Name a few things you consider to be inventions first to get the ball rolling.
For example, you could claim that nothing new in CMOS manufacturing exists because it’s all just the existing idea of a transistor. Or the transistor is just a quantum mechanic version of the vacuum tube. Or the vacuum tube just an electric version of the Babbage machine. Repeat for Internet vs packet switching.
Basically come up with a definition that doesn’t require a “I know it when I see it step” and I’ll easily fit many things Apple did in there unless it’s such a restrictive definition that no one invents anything.
“If I have seen futher, it is by standing on the shoulders of giants”
On some level, all invention is a novel arrangement of existing components. All the way down to the physics, if you're willing. So, does anyone "invent" anything?
But if we accept "patentable" as a proxy for "invented", then obviously Apple invents a lot.
But those of us who think the entire idea of "patentability" is a joke in and of itself.

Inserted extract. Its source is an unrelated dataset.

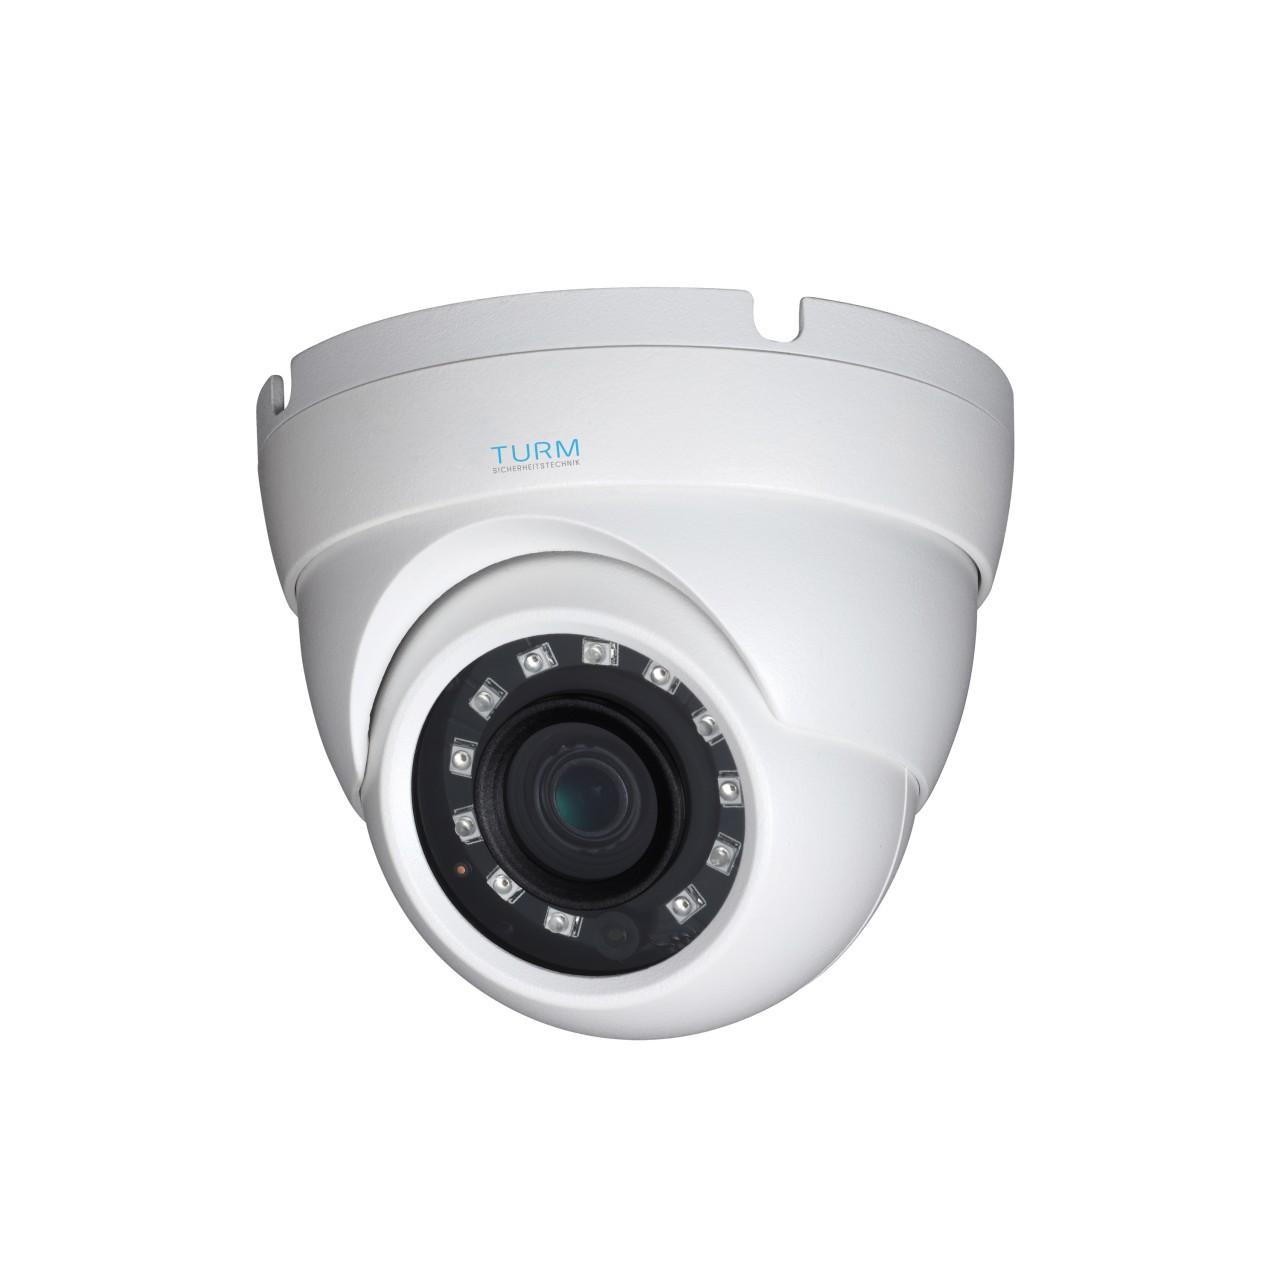 TURM HDCVI Lite 4,1 MP Dome Kamera mit 30m Nachtsicht und 2.8mm Objektiv
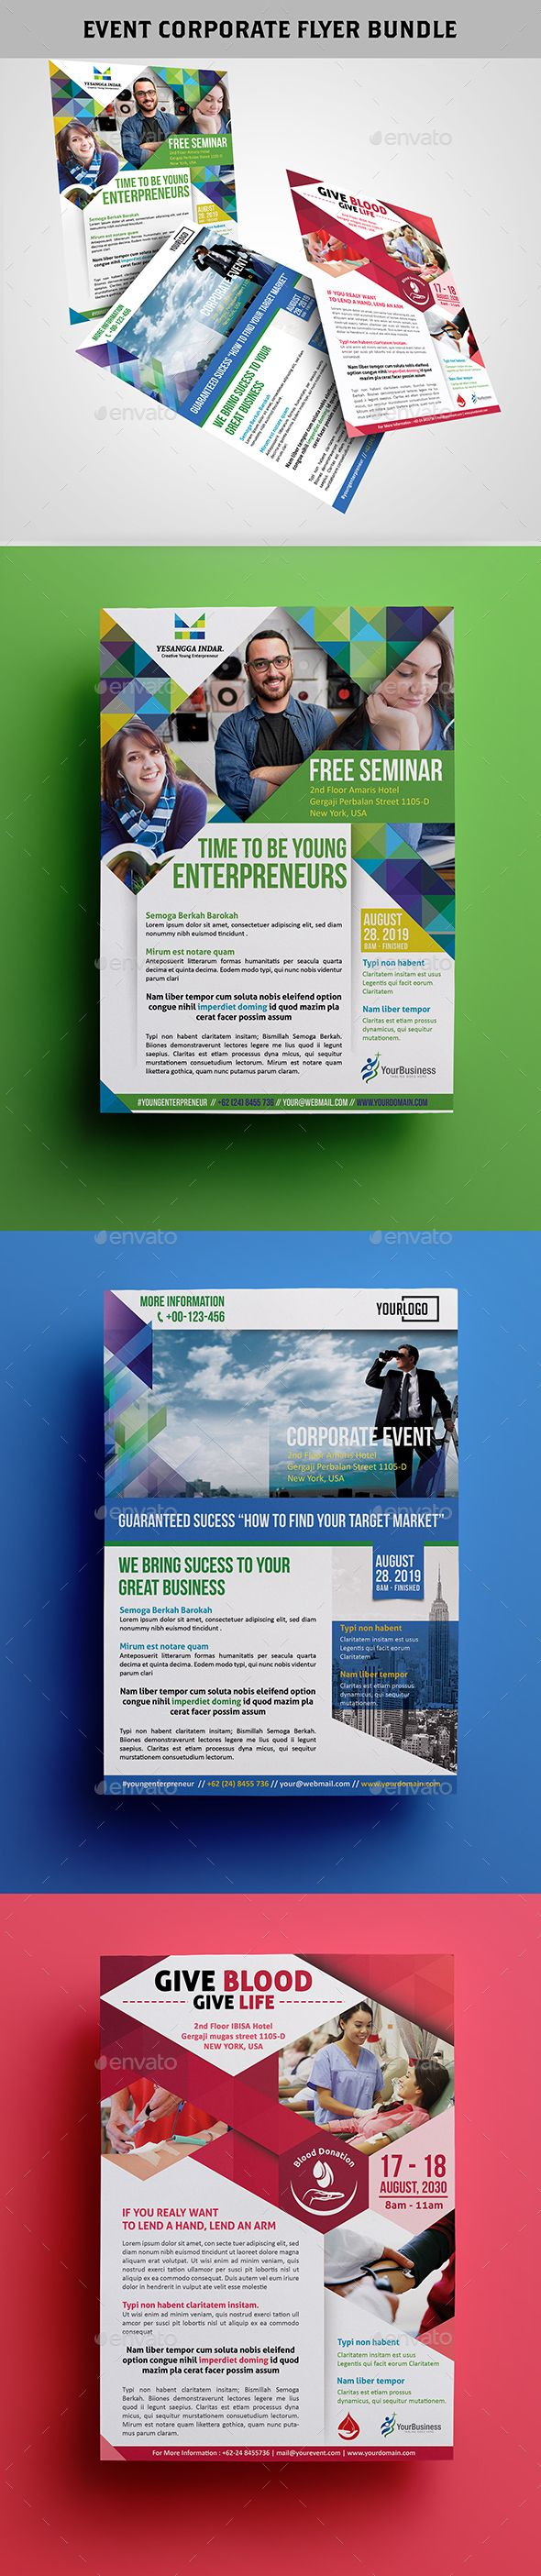 Event Corporate Flyer Bundle Templates PSD #design Download: http://graphicriver.net/item/event-corporate-flyer-bundle/13058039?ref=ksioks

All these fuzzy lines behind this "who invented what" is a major reason I consider patents to be evil -- the entire system sets up artificial and harmful barriers keeping ideas from fertilizing each other and growing beyond our wildest imaginations.
(And as someone who strongly dislikes all things Apple -- but not quite as much as all things Windows -- I cannot help but observe that both Apple and Microsoft simultaneously deserve both more and less acknowledgement, all depending on how one looks at things, for their inventiveness).
The alternative isn't some utopian free sharing of inventions. The alternative is tightly held trade secrets and lots of inventions dying with their inventors.
We had this system for most of human history. It sucked. A decade and a half of exclusivity is a fair trade to avoid it.
Software patents maybe shouldn’t exist as it didn’t for a very long time. Indeed, the way patents are actually written for software ends up with a convoluted mess trying to remain as generic as possible to cover all possible extensions of a core idea (and you can’t patent ideas). So while patents show a benefit, it’s pretty clear the current system in the US has a lot of flaws that need attention.
For example, you could claim that nothing new in CMOS manufacturing exists because it’s all just the existing idea of a transistor. Or the transistor is just a quantum mechanic version of the vacuum tube. Or the vacuum tube just an electric version of the Babbage machine. Repeat for Internet vs packet switching.
Basically come up with a definition that doesn’t require a “I know it when I see it step” and I’ll easily fit many things Apple did in there unless it’s such a restrictive definition that no one invents anything.
“If I have seen futher, it is by standing on the shoulders of giants”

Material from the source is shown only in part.